Antarctica. Half the year of the sun does not rise. It is the coldest, windiest place on the planet and it’s here the story takes place. Every spring hordes of Adélie penguins make their way across the frozen landscape seeking dryland to start families. We follow the story of Steve, a five-year-old penguin making his first solo trip across the tundra to find a mate and establish a home to raise chicks. The journey is dangerous and obstacle filled but with dogged (and yes, cute) determination Steve makes it to the breeding ground, takes part in turf wars for a prime spot and searches for dry rocks necessary to build a proper nest.

Nest constructed, Steve meets his intended, a female penguin named Adeline. Serenaded by 1980s soft rock on the soundtrack the pair get to know one another. We learn they memorize one another’s voice for easy identification later because, let’s face it, they all look pretty much the same. It’s not "Romeo and Juliet" but they do make an adorable couple and soon babies are born. We’re then given penguin parenting tips, Antarctica Adélie style, like how the chicks eat regurgitated fish directly from their parent’s mouths.

There is a hint of the circle-of-life as predatory birds and leopard seals prey on the penguins but there is nothing as shocking as walruses falling off cliffs in the Netflix doc "Our Planet." It’s very kid friendly topped with amiable, light-hearted narration courtesy of comedic actor Ed Helms.

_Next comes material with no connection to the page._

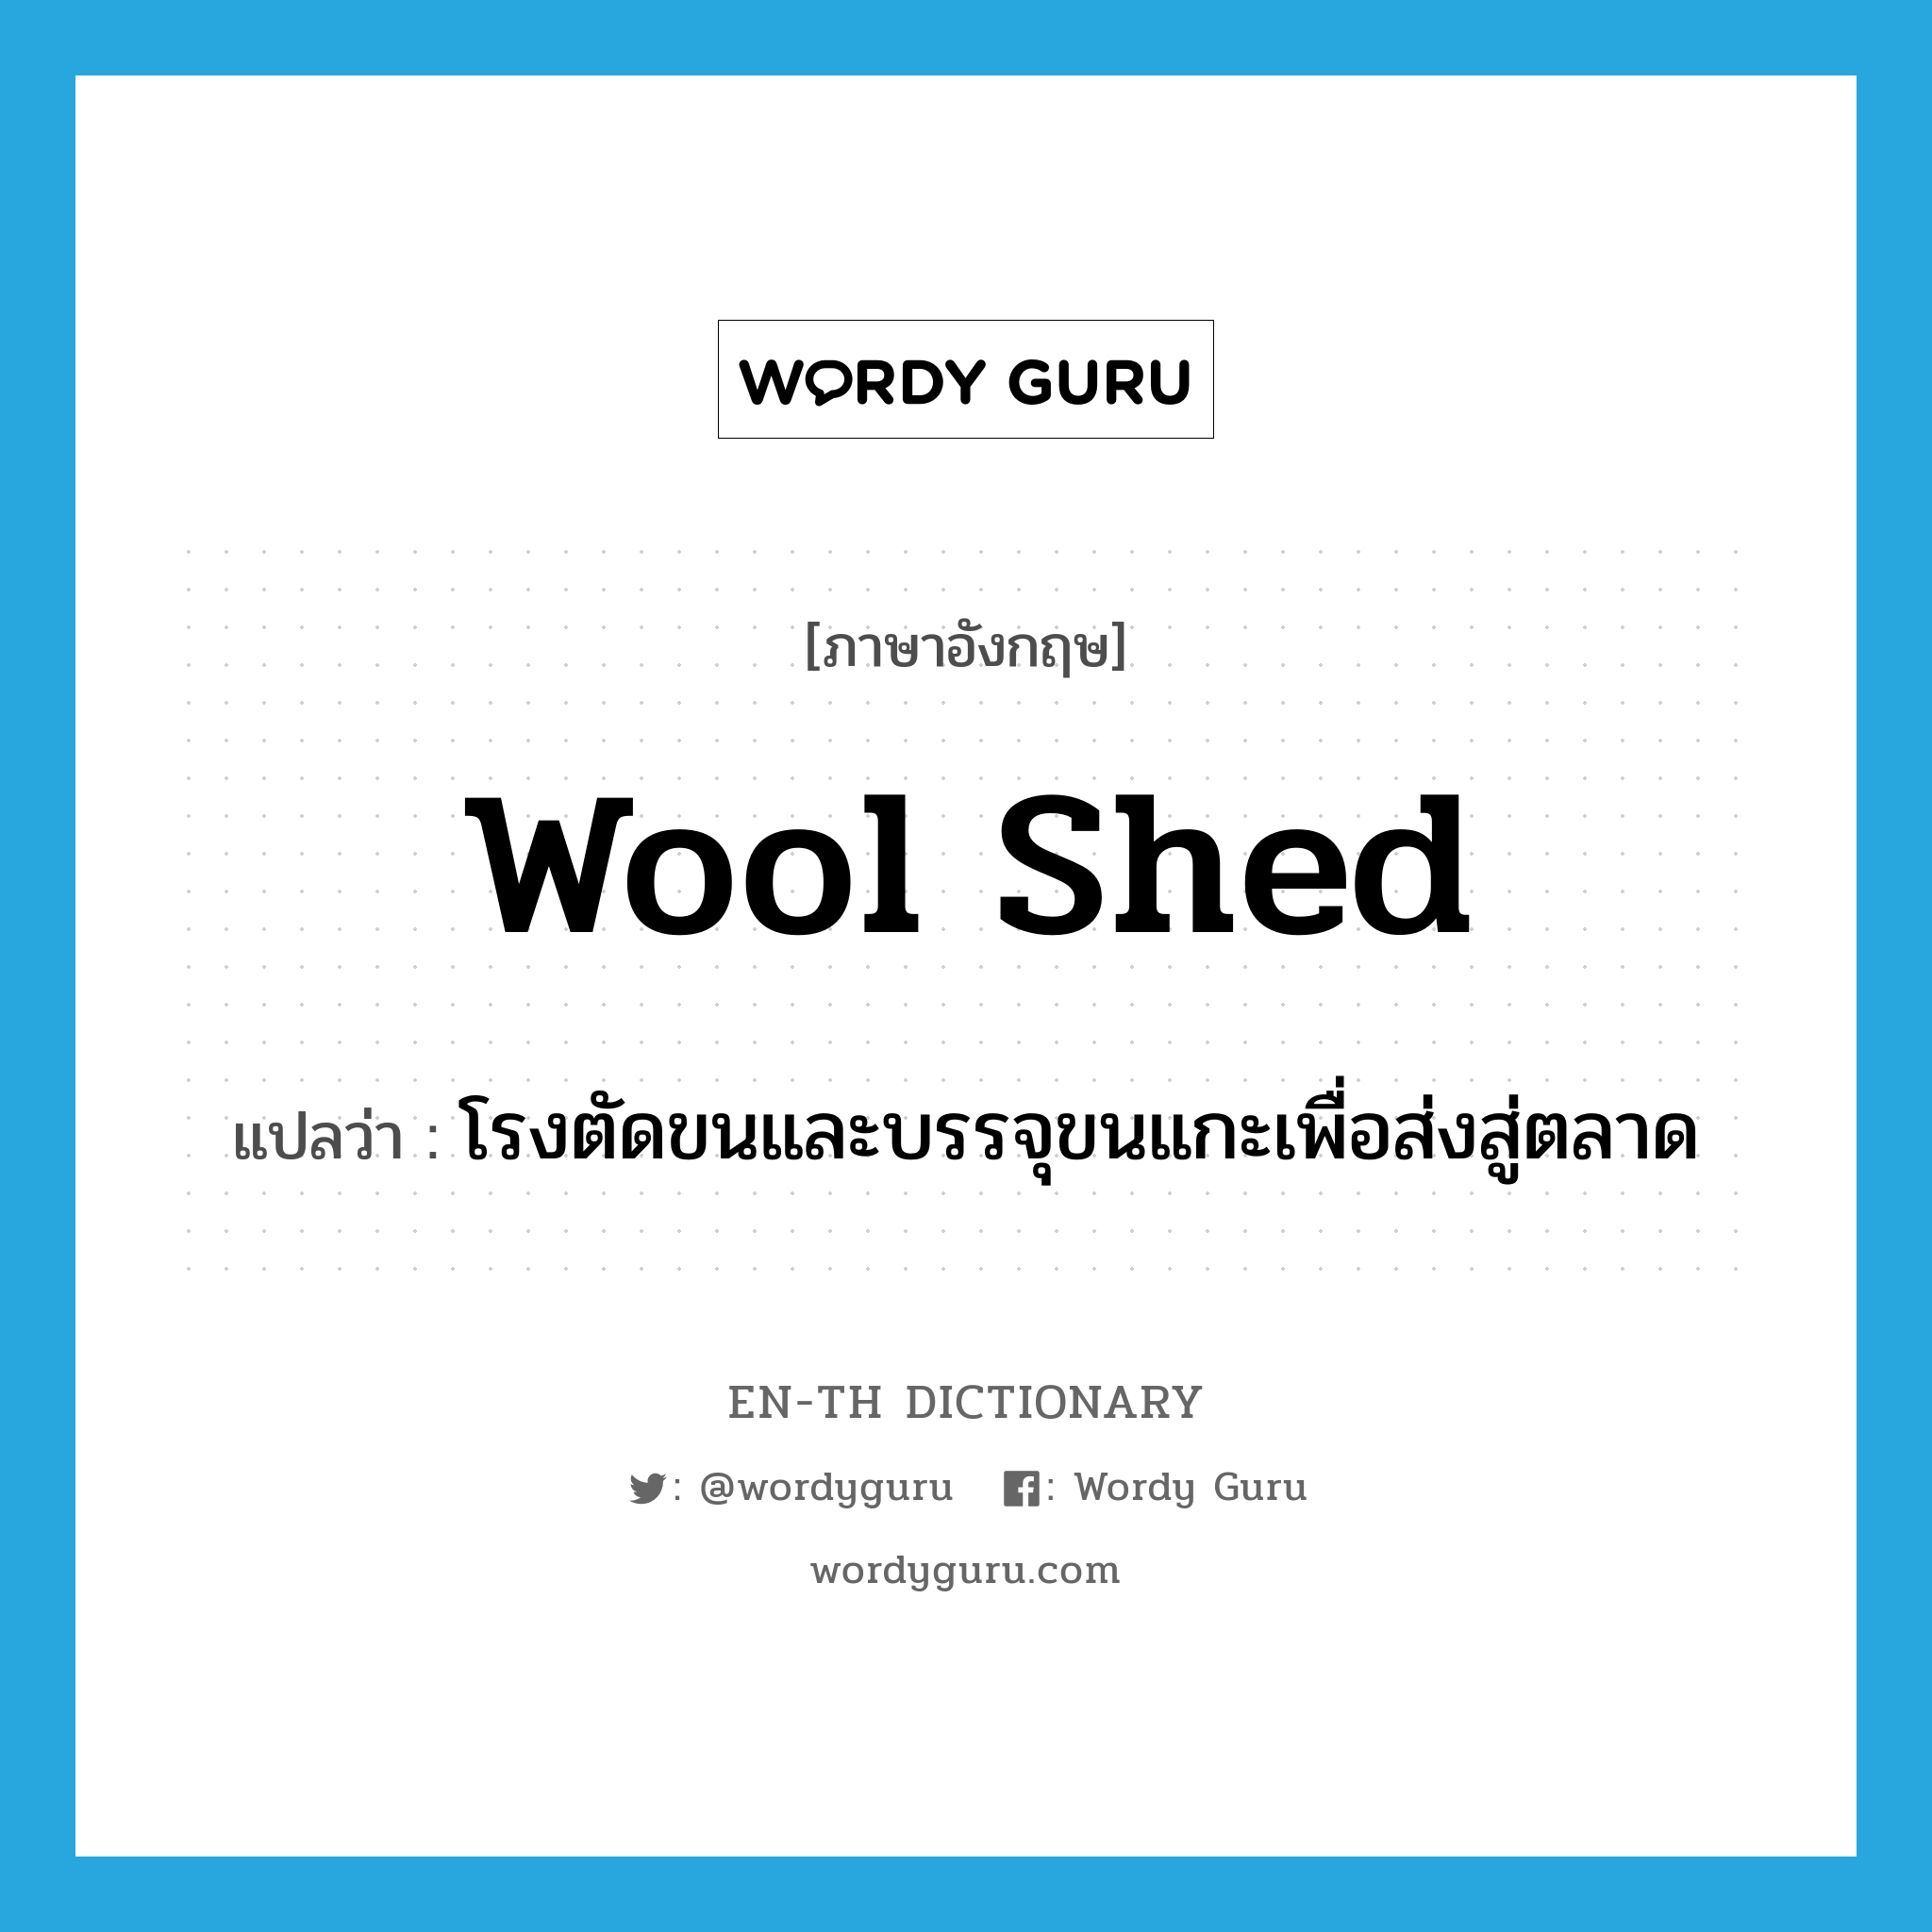 wool shed แปลว่า?, คำศัพท์ภาษาอังกฤษ wool shed แปลว่า โรงตัดขนและบรรจุขนแกะเพื่อส่งสู่ตลาด ประเภท N หมวด N

The film’s main strength — aside from the penguins — is the beautiful photography. Fothergill and Wilson capture the icy vastness of Antarctica, giving us gorgeous landscape views and up-close-and-personal shots of the penguins. Visuals of Steve and thousands of his penguin pals swimming like dolphins in the icy water are eye-popping, almost like synchronized swimming.

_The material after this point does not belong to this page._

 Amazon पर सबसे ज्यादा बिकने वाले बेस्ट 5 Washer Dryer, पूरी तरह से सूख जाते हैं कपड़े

"Penguins" misses the chance to make a statement about global warming. Instead it focusses on the resilience of these remarkable, and cute, don’t forget cute, creatures.


There will be some debate as to whether or not "High Life," a new space opera from director Claire Denis, can be classified as sci fi or not. It takes place on a starship, is set in the outer reaches of the solar system and features other sci fi faves like black holes and space stations but the setting almost takes a back seat to the very earth-bound humanity on display.

Robert Pattinson plays Monte, one of a group of death row convicts sent on a suicide mission to deep space aboard a space station. When we first meet Monte he’s alone save for his infant daughter Willow (Scarlett Lindsey). Soon, via flashbacks, we learn more about the situation, the social breakdown with the other passengers and Dibs (Juliette Binoche), the supervising doctor who performs sexual experiments on the crew, as the space station hurtles toward the abyss of a giant black hole.

There are certainly sci fi aspects to "High Life" but all the molecular clouds and the spacey instances of spaghettification (look it up), etc are trumped by, I want to say drama, but that’s not quite accurate. There isn’t much drama to be milked from a story where the characters are in lock down with little or no room for growth. There are some good performances here, particularly from Pattinson as a man who survives through discipline, and Binoche whose cold, clinical obsession to create new life borders on the sadistic, but the film is more about creating atmosphere than forming dramatic moments.

Denis is unafraid to linger on a moment, to allow the incremental passing of time aboard the ship to be reflected in the film’s pacing. Sometimes it works, offering a glimpse into the mundane lives of people for whom there is no future, but often it feels as though time has stood still and not in a good way. Add to that pages of whispered expository dialogue and you’re left with a film that maintains a sense of hope that Monte and Willow will be OK but doesn’t give us much of a reason to care what happens to them.